If This Government Is Going to Do Anything About the Economy, It Needs to Start Now

If this government intends to do anything meaningful about the economy, it needs to start now. The sense of drift has become unmistakable. For years, the focus has been on macroeconomic stability — a phrase that now feels more like a holding pattern than a plan. The Bank of Ghana continues to intervene in the foreign exchange market and adjust interest rates in an effort to contain volatility. Yet the cedi still trembles at every external shock, and inflation still eats quietly into every household’s earnings.

There have been moments of calm, yes, but not confidence. The pattern is familiar: a brief appreciation of the currency, a self-congratulatory press release, and then another round of depreciation. The cedi’s movements have become a barometer not of progress, but of anxiety. Stability is supposed to build foundations for growth; here, it has become the entire project.

The Missing Real Economy

Beyond the numbers, the government’s effort in the real economy remains disappointingly thin. The much-touted 24-hour economy policy, which could have opened a conversation on productivity, infrastructure, and labour efficiency, has fallen silent. There is no sign of a framework, no coordination, no clear path toward implementation. What began as an idea has ended as an echo.

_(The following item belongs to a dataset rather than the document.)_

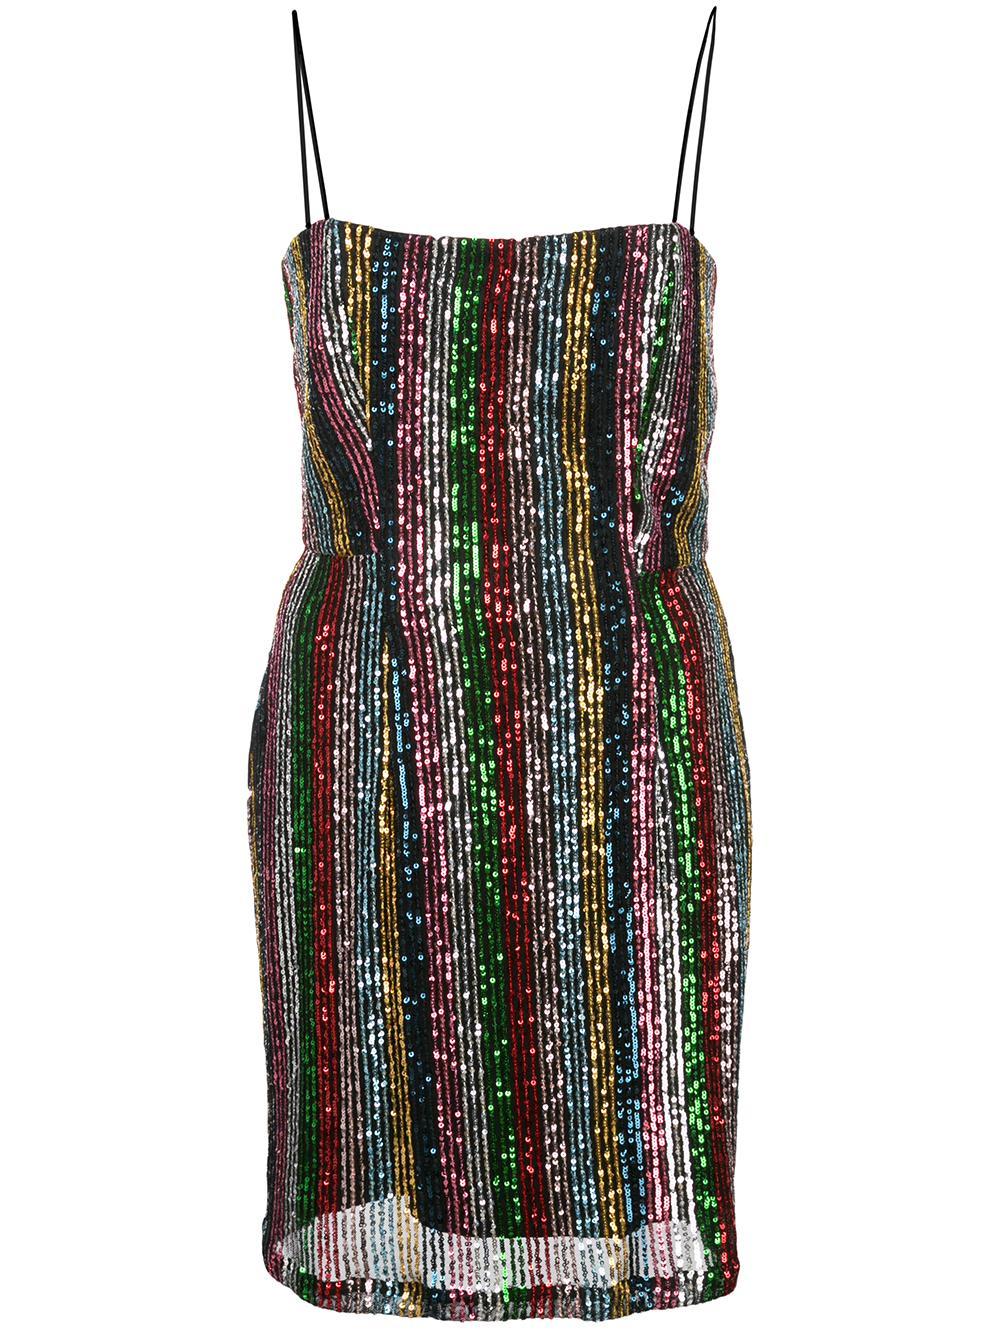 Kaia Sequin Mini Dress Item # 14933

Instead, we see isolated gestures — a presidential visit to a poultry farm, an announcement of a zero-tariff trade deal with China. These may look like activity, but they do not amount to direction. Ghana will not become competitive through symbolic visits or token partnerships. We will not out-export China, nor will a single poultry facility transform our agricultural base. These moments reveal a government content with motion, not progress.

The Reform Vacuum

What is missing is not ambition, but reform. The informal sector, which remains the backbone of the economy, continues to operate without structure or support. Over 80 percent of working Ghanaians remain outside the tax and credit systems that could turn survival into stability. The small businesses that power our markets still operate in isolation — unbanked, unregistered, unprotected.

At the same time, the government has shown little curiosity about the technologies shaping the world. Artificial Intelligence is not a future debate; it is a present one. Yet, there is no national conversation, no policy paper, no recognition that the next generation of competitiveness will depend not on minerals or commodities, but on data and innovation.

The Cost of Delay

Each month of hesitation deepens the stagnation. The country remains trapped in a pattern of short-term thinking: selling gold to stay solvent, borrowing to stay afloat, and managing the symptoms of decline rather than addressing its causes. Environmental devastation from small-scale mining continues to eat into the foundations of rural life. The economy may survive these choices for now, but the society will not.

There is still time to act — but barely. This government has one last chance to turn rhetoric into reform, to treat policy as more than performance, and to begin the difficult work of rebuilding from the ground up. Economic transformation does not come from announcements; it comes from decisions.

If this administration is serious about growth, it must stop managing decline and start governing. The country cannot live forever on the hope of future stability. The time for economic courage is not next year. It is now.